Они сидели на плоских подушках дзабутон, держа ноги под теплым одеялом, прикрывавшим жаровню котацу. Неожиданно она вытащила ноги, встала на колени и, повернувшись вполоборота, оказалась перед ним.
Глядя ему в глаза, она медленно опустила свое кимоно. Протянула руки.
– Иди сюда, – позвала Фумико, – у нас есть еще сорок минут.
– У тебя «эффект вторичного слияния», – пробормотал Дронго, также вставая на колени перед ней.

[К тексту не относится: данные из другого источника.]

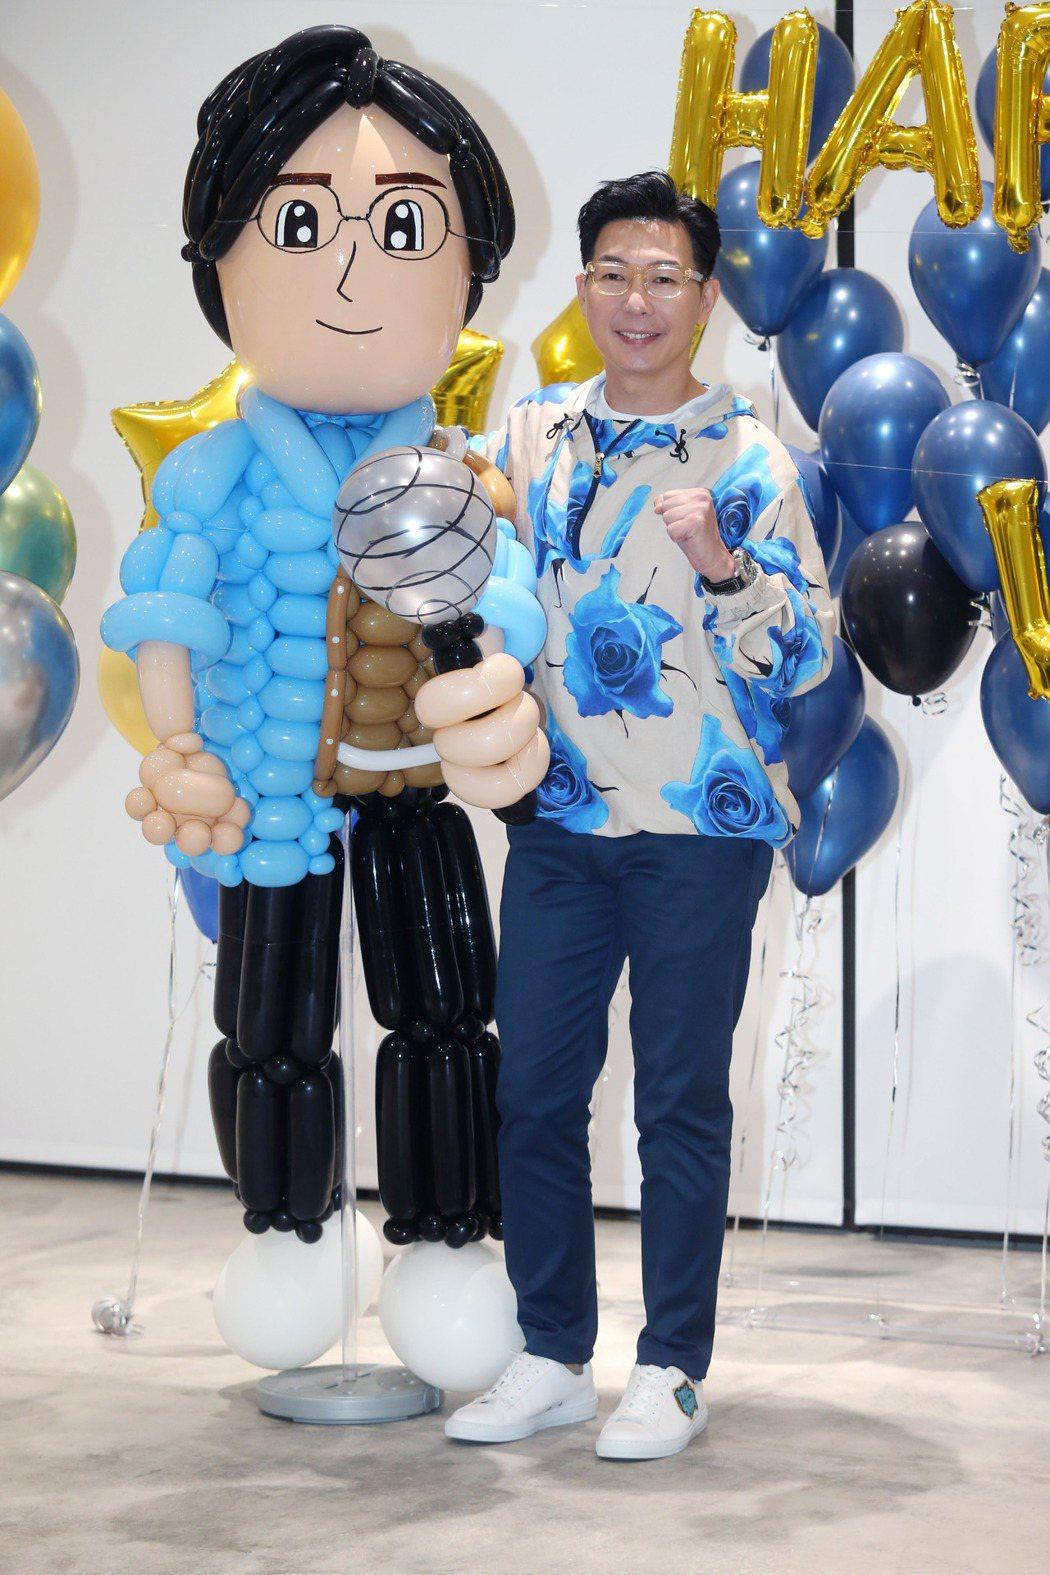 品冠提前慶祝49歲生日。記者邱德祥/攝影

– Что это такое? – спросила она.
– Это когда женщина второй раз встречается с незнакомым прежде мужчиной, – пояснил Дронго. – При этом полностью исчезает твоя стыдливость, и у тебя пробуждаются все нужные для глубокой разрядки рецепторы.
Она толкнула его на подушки.
– Сейчас мы проверим, как проснулись твои рецепторы, – пошутила она, наклоняясь над ним.

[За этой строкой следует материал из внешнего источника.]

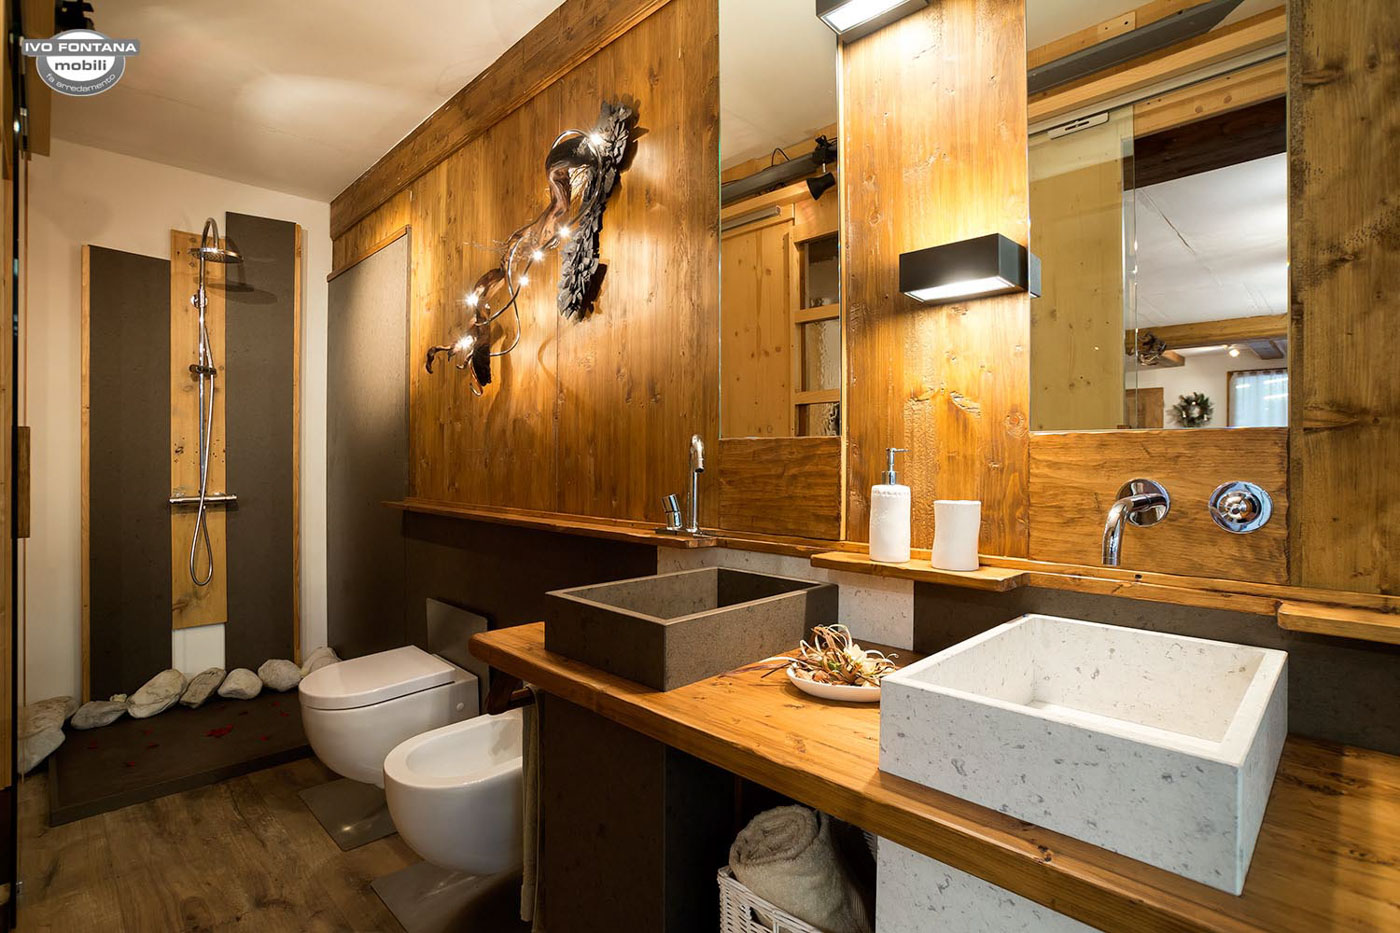 Esposizione mobili rustici moderni classici artigianali for Arredo bagno belluno

«Интересно, что особенного находят во мне женщины? – подумал он, чувствуя на шее ее губы. – Честное слово, я бы такого никогда не выбрал».
Фумико все рассчитала точно. Они успели даже принять душ и выйти к прилетевшему вертолету. Крылатая машина за тридцать пять минут доставила их в центр города и села на площадку высотного дома в районе Синдзюку. Поблагодарив пилота, они спустились вниз, где их уже ждал автомобиль, пригнанный сюда специально для госпожи Одзаки. Четырехдверный «Мицубиси» стоял перед зданием. Фумико села за руль, направила машину в сторону Гиндзы. Когда они выехали на трассу, она взглянула на Дронго и спросила:
– Почему ты сидел в кабине вертолета с таким каменным лицом? Ты был совсем на себя не похож. Я что-нибудь не так сделала?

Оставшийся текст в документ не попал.